Opening Remarks

I don’t know if you’ve noticed, but the days of blindly buying things for ourselves are over. Forever. And ever.

 

That’s what the national media says: that Americans’ general lack of wealth is contributing to more sustainable personal spending, that today we’re spending disposable income while for the past 20 or 30 years, we’ve been spending everything we had plus a lot we didn’t.

 

It’s an interesting thought, isn’t it, that the economic crisis has permanently changed our lives, that we’ll never again live beyond our means and that in the future, we’ll always do what’s “right” economically, and we’ll always use our heads before spending money instead of just buying whatever we see advertised on TV as long as we still have some plastic in our pocket.

 

The national media experts say we’re volunteering more, attending more cultural events with family and friends, spending more time together talking and, even though we’re still going to the malls, we’re not spending as much money there because we’re just using malls as places to hang out.

 

It’s good to know that facing down economic Armegeddon has done so many good things for our lives.

 

What intrigues me is that a lot of us don’t know which way the wind is blowing, even if there’s a flag right in front of us.
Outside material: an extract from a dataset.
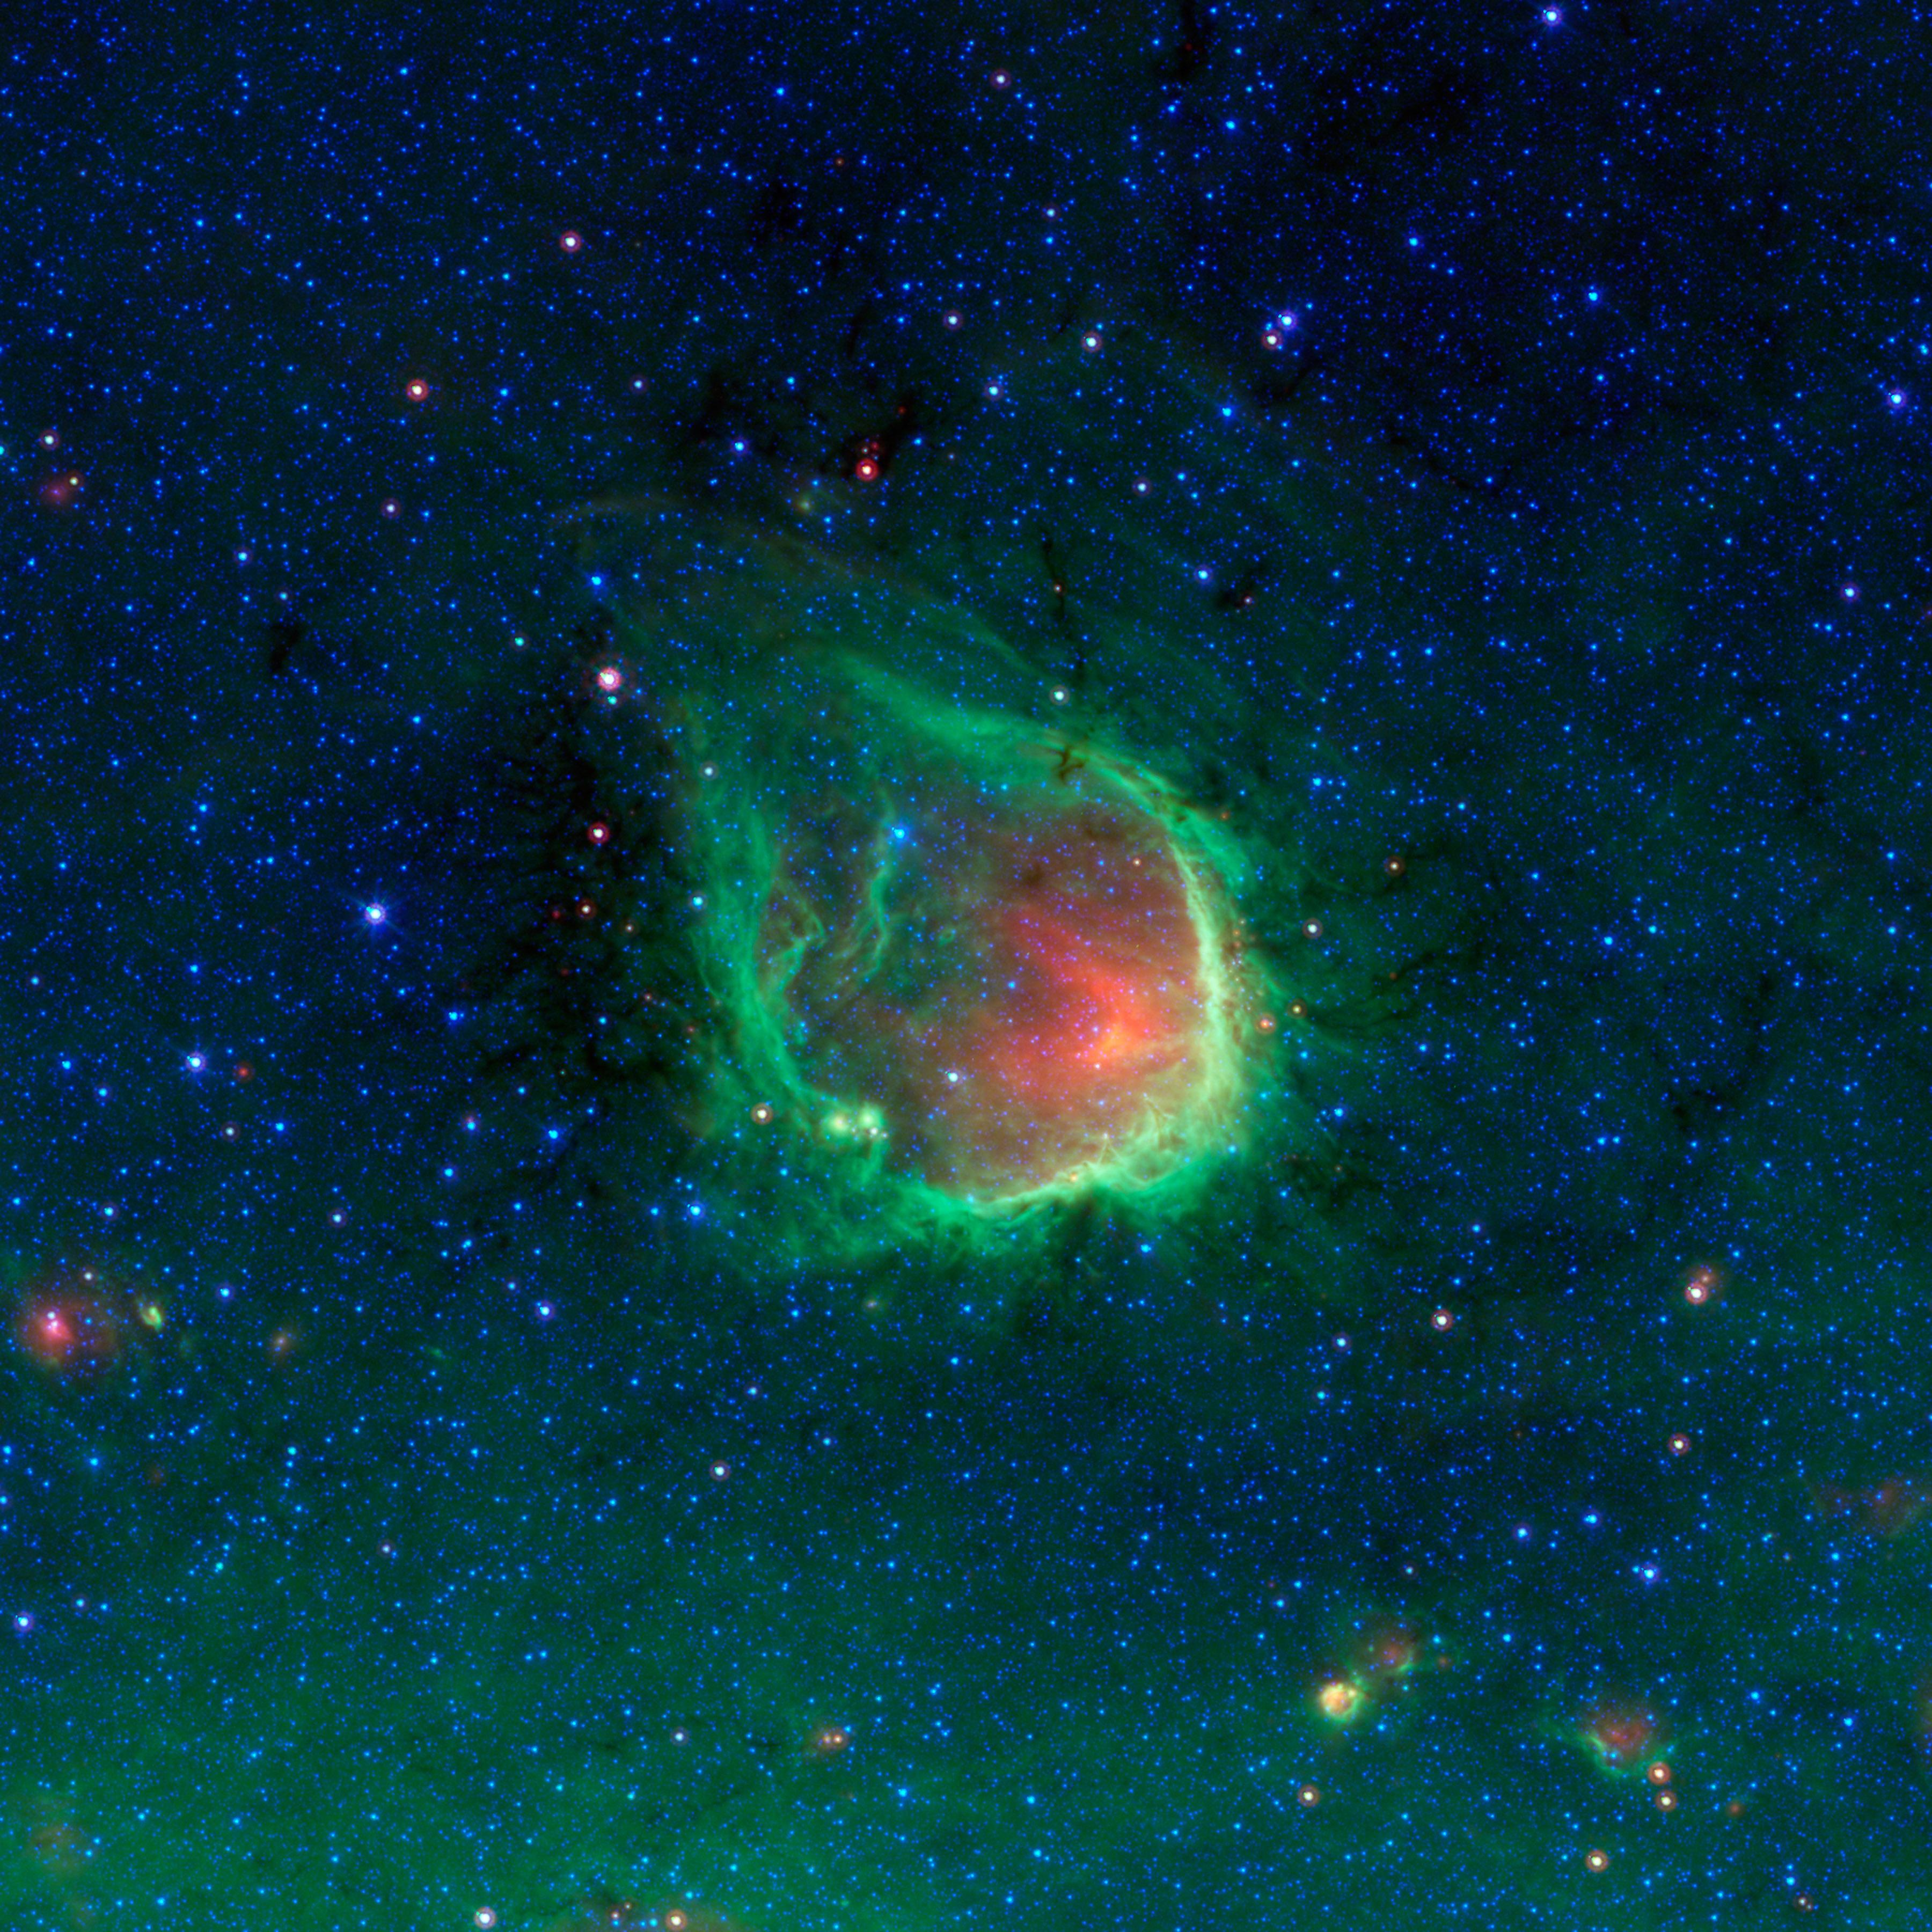 RCW-120 वृश्विक नक्षत्र की पुंछ के पास स्थित ब्रह्माण्डीय बुलबुला (बड़े आकार मे देखने चित्र पर क्लीक करें)

We depend on the cues of others to determine our direction, and we feel intimidated if we make a decision that goes against the grain, even when we’re right. It’s not so much herd mentality as it is fear of being wrong alone. Being wrong together is OK, but being wrong alone is flat-out scary.

 

The suburbs are full of people who think like this, who fled Dallas — the place we call home — back when the smart money was on anywhere but here. The schools are better out there, so the thought process went, the buildings newer, the houses bigger and the streets smoother.

 

But now that so many of us supposedly can’t afford to live too far from work, and we don’t want to be too far from schools, and we want to make sure our kids experience all that life has to offer, living here where we live is starting to look better to a lot of suburbanites. Dallas is a city that, despite its well-known problems, has never been more vibrant. Many of our neighborhoods are on the upswing. Our public schools, while not perfect, have improved. Our public transportation, while still limited, is expanding. For better or worse, we’ve invested a lot of our tax dollars Downtown, and the place is starting to look good even if there’s still plenty of room for improvement.

 

The experts may be right: Maybe Americans are starting to appreciate the little plot of dirt we call home more now that we can’t afford to jet off somewhere else at the drop of a hat.

 

Come to think of it: Isn’t that what most of us around here have always been doing?